Last month a certain article referred, with some justification, to us Brits - my slang, sorry - as "one of the most owner-occupied, indebted nations in the world. One where everyone you knew was perpetually remodelling their houses and broom-cupboard flats, and where, quite apart from the places they actually lived, a good many had become part-time property-developers". Now the phrase "owner-occupied nation" is a pleasant witticism: let it pass. But "Everyone you knew was remodelling their houses" is just lazy, clumsy English.
"Everyone (singular) was . . ." Quite correct. But "their" reverts to plural (perhaps to avoid the dilemma of "his or her"; and "houses" is plural too - as if everyone you knew had more than one house.
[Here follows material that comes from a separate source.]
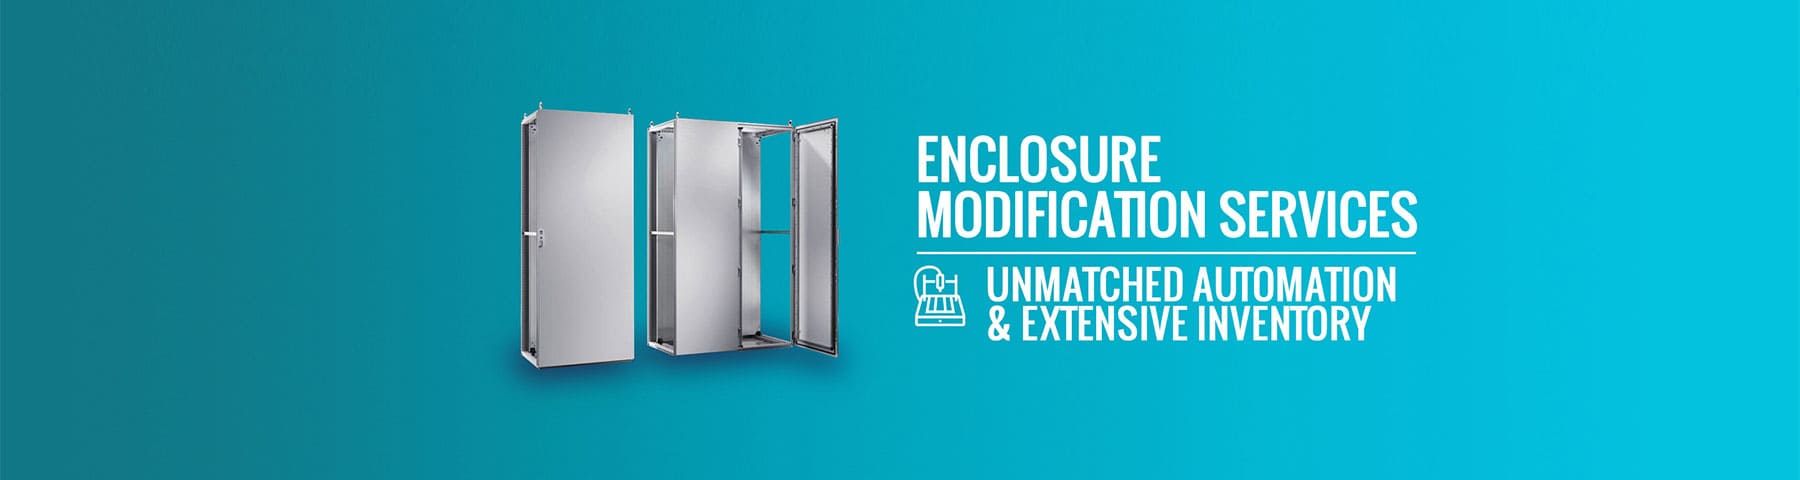 Enclosure Modification

Now some perhaps did - but multiple ownership is described later on in the article, as a separate matter.
Why not edit that muddled passage in the form: "All one's friends seemed to be perpetually remodelling their houses" ? (True, perhaps, if your friends were of a certain class.) As a specimen of English prose, even "Everyone seemed to be remodelling their houses" would be just about permissible, if we accept the term 'everyone' as a virtual plural: but "was remodelling their houses" is unnecessarily poor English, and can hardly be said to be more understandable or acceptable to the general public than proper English - unless you hold to the principle that sloppy English in itself makes for better reading.
Everyman and their houses
A miscellaneous compilation of articles and off-the-cuff ideas, mostly relating to the English Language and its words, and how well they are used on some occasions, and how badly on others. But other topics and whimsies are likely to keep cropping up too. This blog is closely related to the website mentioned below.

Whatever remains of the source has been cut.